Then, the reference interferometer considering the influence of fiber dispersion is used as sampling clock, yielding Eq. (14).

$${R_{\textrm{ref}}}{\beta _0} + 2\pi {R_{\textrm{ref}}}{\beta _1}(\nu - {\nu _0}) + 2{\pi ^2}{R_{\textrm{ref}}}{\beta _2}{(\nu - {\nu _0})^2} = 2\pi {k_\textrm{n}}\textrm{ }({k_\textrm{n}} = 0,1,2,\ldots ,N)$$

Correspondingly, the resampled signal can be expressed as:

$$\begin{array}{r} I{^{\prime}_{\textrm{resample}}}({k_n}) \approx A{^{\prime}_{\textrm{resample}}}\cos \left( {2\pi \textrm{ }\frac{{{R_{\textrm{mea}\_\textrm{fiber}}}{n_{\textrm{fiber}}} + 2{R_{\textrm{mea}\_\textrm{air}}}{n_{\textrm{air}}}}}{{{R_{\textrm{ref}}}{n_{\textrm{fiber}}}}}{k_\textrm{n}}} \right.\\ \left. { - 2\pi \frac{{2\pi {\beta_2}{R_{\textrm{mea}\_\textrm{air}}}{n_{\textrm{air}}}}}{{\beta_1^2R_{\textrm{ref}}^2{n_{\textrm{fiber}}}}}{k_\textrm{n}}^2 + {\varphi_0}} \right) \end{array}$$

Comparing Eq. (15) with Eq. (4), it could be inferred that the first term in resampled signal is a linear term without considering the fiber dispersion effect, the second term is a quadratic term caused by the dispersion mismatch, and the third is a constant phase. In the second term, the factor ${{4{\pi ^2}{\beta _2}{R_{\textrm{mea}\_\textrm{air}}}{n_{\textrm{air}}}} / {\left( {{\beta _1}^2R_{\textrm{ref}}^2{n_{\textrm{fiber}}}} \right)}}$ is only proportional to the distance of the free space in measurement interferometer, which doesn’t contain the optical fiber difference. This is because both the fiber used as sampling clock and the fiber used as measurement signal have the same GVD coefficient. The dispersion effect is eliminated when the fiber sampling clock samples the fiber interference signal. But for the space part, there is a GVD coefficient difference between the air and the fiber reference interferometer, which creates the dispersion mismatch. The dispersion mismatch introduces a quadratic dispersion term into the frequency-sampling process. After performing the FFT or Chirp-Z algorithm on this signal, the quadratic term makes the signal spectrum become broadened, the resolution decline, the center distance shift.

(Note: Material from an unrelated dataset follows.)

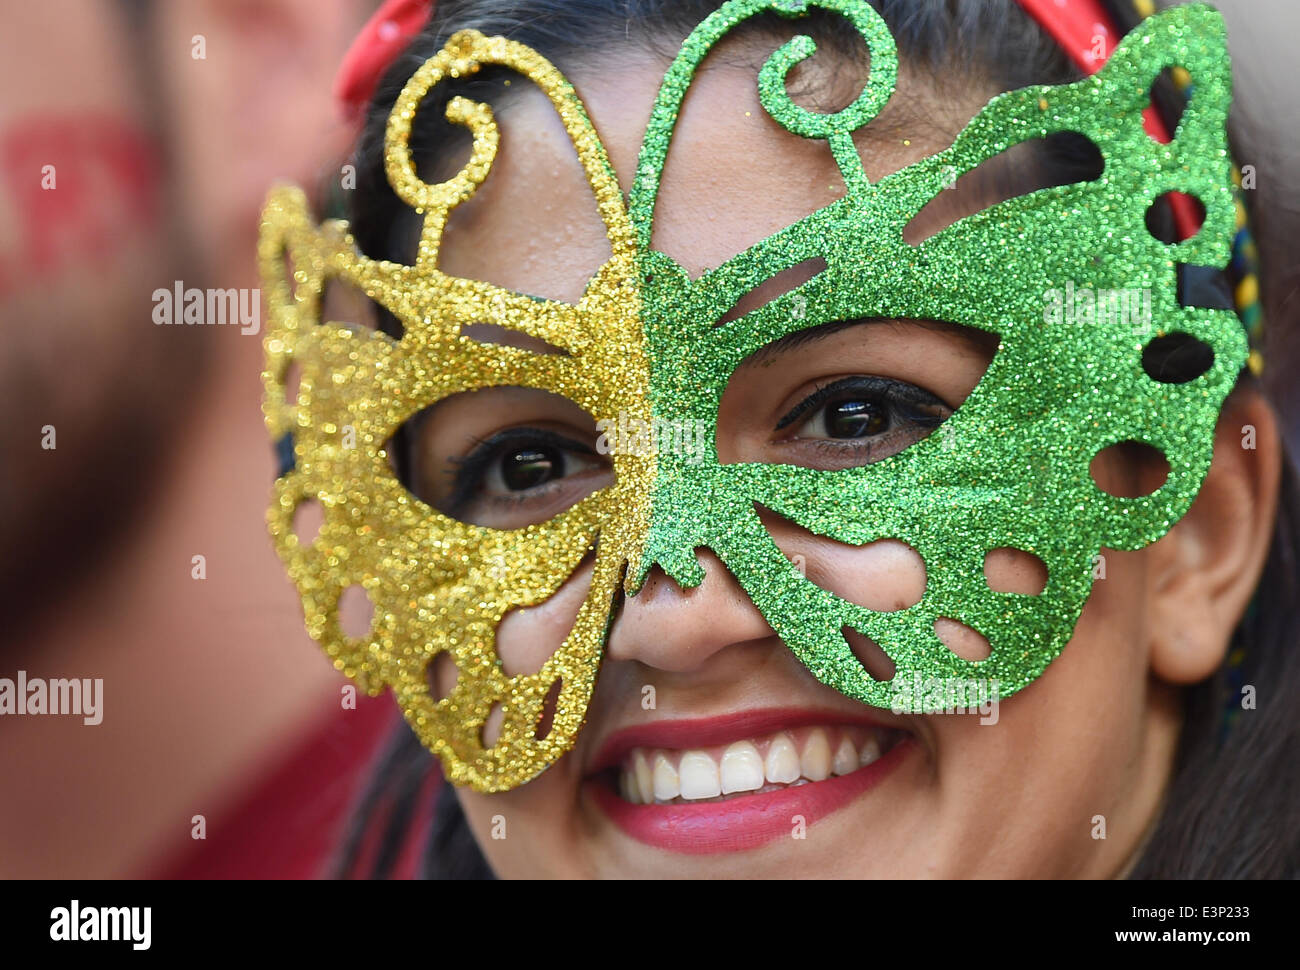 Brasilia, Brazil. 26th June, 2014. A supporter of Brazil is seen prior to the FIFA World Cup 2014 group G preliminary round match between Portugal and Ghana at the Estadio National Stadium in Brasilia, Brazil, on 26 June 2014 Credit: © dpa picture alliance/Alamy Live News  Stock Photo

Here, simulations were made to demonstrate the influence of the dispersion mismatch in FSI. The G652.D standard single mode fiber is selected, so the inverse group velocity ${\beta _1}$ is 4.9×10−9 s/m, the group velocity dispersion ${\beta _2}$ is −23 ps2/km, and the effective group refractive index of 1550 nm is 1.4682. The geometric length difference of the fiber in reference interferometer is 110 m, and the fiber difference in measurement interference is 0 m. In Fig. 2(a), the laser tunes from 1520 to 1535 nm, and the target was moved from 5 m to 30 m optical path difference (OPD) in the free space. In Fig. 2(b), a target located at 15 m OPD was measured. The tuning range was set as 1522.5–1532.5 nm, 1520–1535 nm, 1517.5–1537.5 nm, 1515–1540 nm, 1512.5–1542.5 nm, and 1510–1545 nm. It is illustrated that the center distance shifts by about 113 µm for every 5 m increase at the scanning range of 15 nm. When the distance increases to 20 m, the distance spectrum splits into two peaks. At 15 m OPD, every increase of 5 nm range will broaden the spectrum by about 230 µm. It is impossible to accurately identify spectral peak when the scanning range is 20 nm. Therefore, it is necessary to compensate dispersion mismatch in the case of large scanning range or long-distance measurement.

 figure: Fig. 2.

Fig. 2. Simulations of the dispersion mismatch effect in different situations. (a) Different distances, (b) Different scanning ranges.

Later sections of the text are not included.